Thursday, May 16, 2019

Hamza and I did some more research about how to monitor a Lino production site.

The concrete issue reported by Gerd was that for some unknown reason the libreoffice daemon was not running on their server. The reason itself is not important here (probably something trivial, a simple restart fixed the problem), but disturbing was the fact that it took us some time to understand the problem. First the end-user had to realize and report that Lino wasn’t working as usual. Then the local system admin had to understand that it was because libreoffice daemon wasn’t running. And then somebody had to restart the service.

Furthermore their libreoffice was still being started as an init.d script and not using supervisor (our recommended and documented method). With supervisor the problem would have been fixed automatically because supervisor tries to restart a service when it has exited unexpectedly. This was actually the main culprit.

Another problem is that we should get an email when some service isn’t running on some production server. And Supervisor doesn’t send any warning mails.

There is a plugin superlance which might do that, but anyway we need monit because potentially we want to also monitor processes which are not running in supervisor. For example the web server. Or the available memory and disk space.

That’s why we use monit in addition to supervisor.

How to monitor whether all supervisor processes are okay?

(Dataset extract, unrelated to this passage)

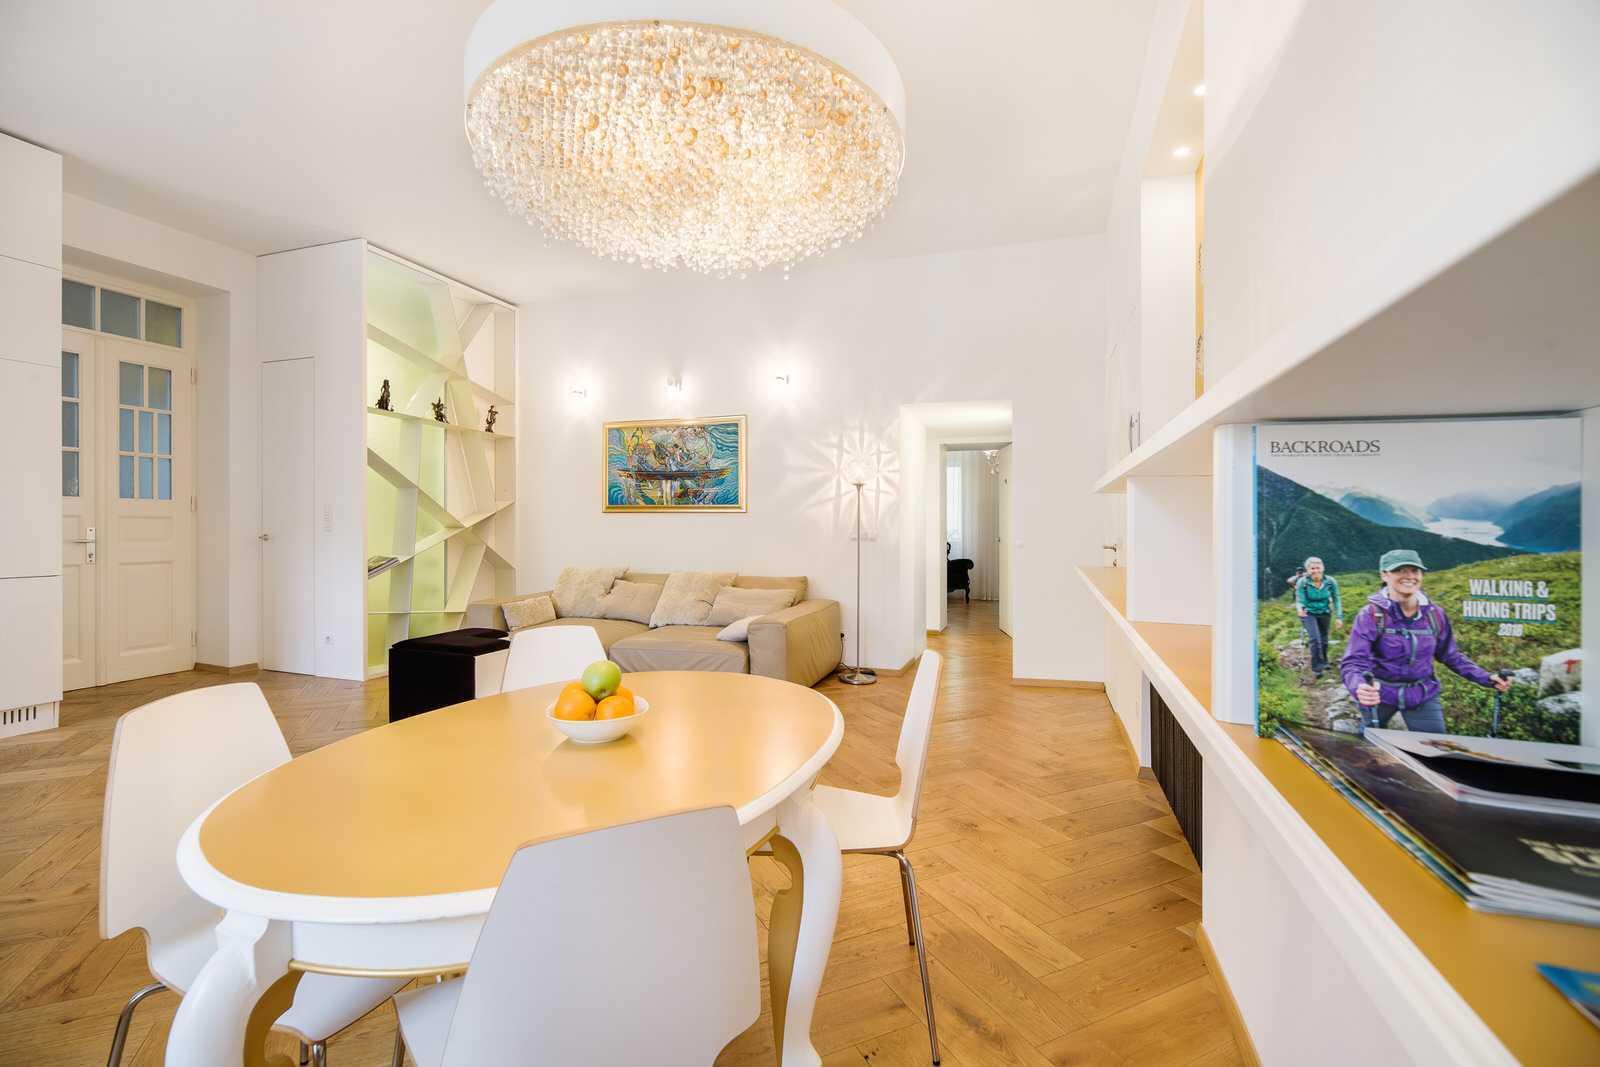 Ljubljana 2-bedroom Beethovnova apartment's dining table
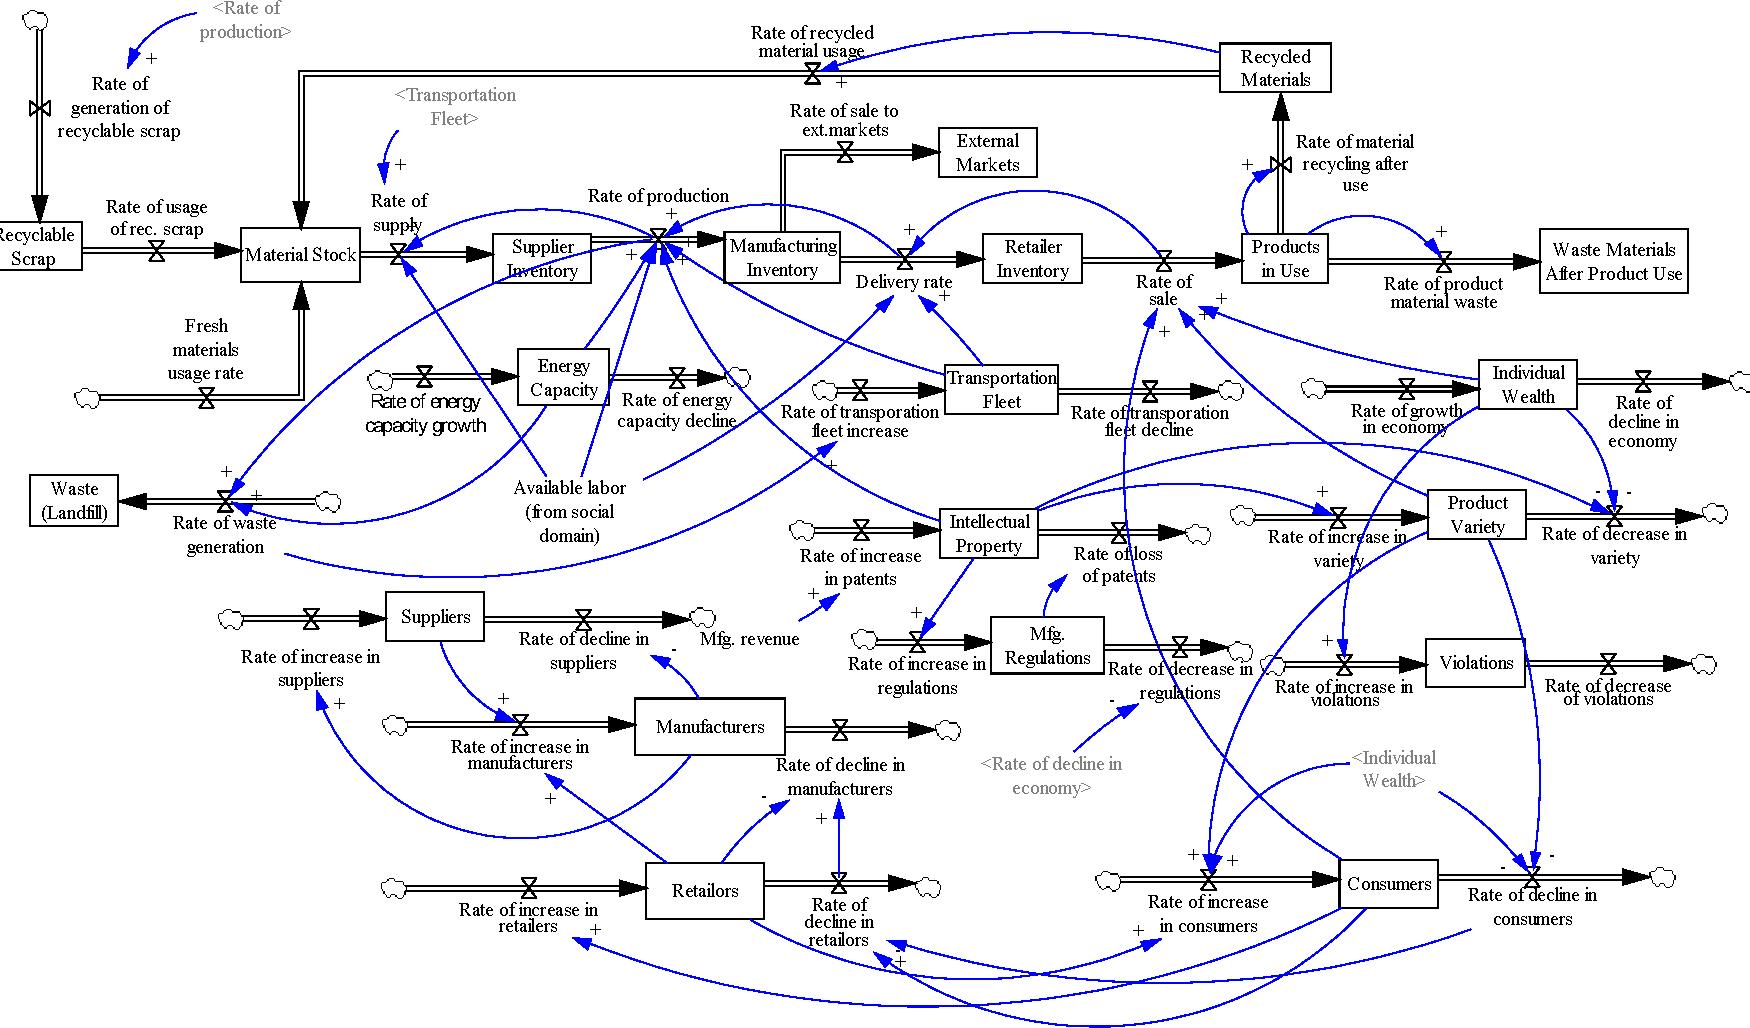 Figure 2. Manufacturing domain model

We want a generic solution for all our production servers.

We can run sudo supervisorctl status which outputs something like:

daphne_jane                      RUNNING    pid 14224, uptime 0:20:40
libreoffice                      RUNNING    pid 14219, uptime 0:20:40
linod_jane                       RUNNING    pid 14228, uptime 0:20:40
runworker_jane                   EXITED     May 16 06:46 PM

We want monit to warn us when at least one of these process is not running.

Monit can run arbitrary commands and send a warning if their exit status is something else than expected.

Unfortunately the supervisorctl status command itself does always return with exit status 0, also when some process is not running.

So we use awk to test whether some line of the output has something else than the word RUNNING as it second field:

sudo supervisorctl status | awk '{if ( $2 != "RUNNING" ) { print $1 " is not running"; exit 1}}'  ; echo $?

We move this into a separate script because (1) we want to invoke it manually and (2) the monit config files had problems with a complex bash command line that contains itself quotes.

The final result of this session is that we wrote a script healthcheck.sh which tests this and possibly other “health checks”, and a file healthcheck.conf which tells monit to run this script and alert us when it reports a problem.

Note that the addresses of the people to alert is in the local /etc/monit/monitrc (not in healthcheck.conf.

I started a new page in the Hoster’s Guide: Monitoring a Lino production server.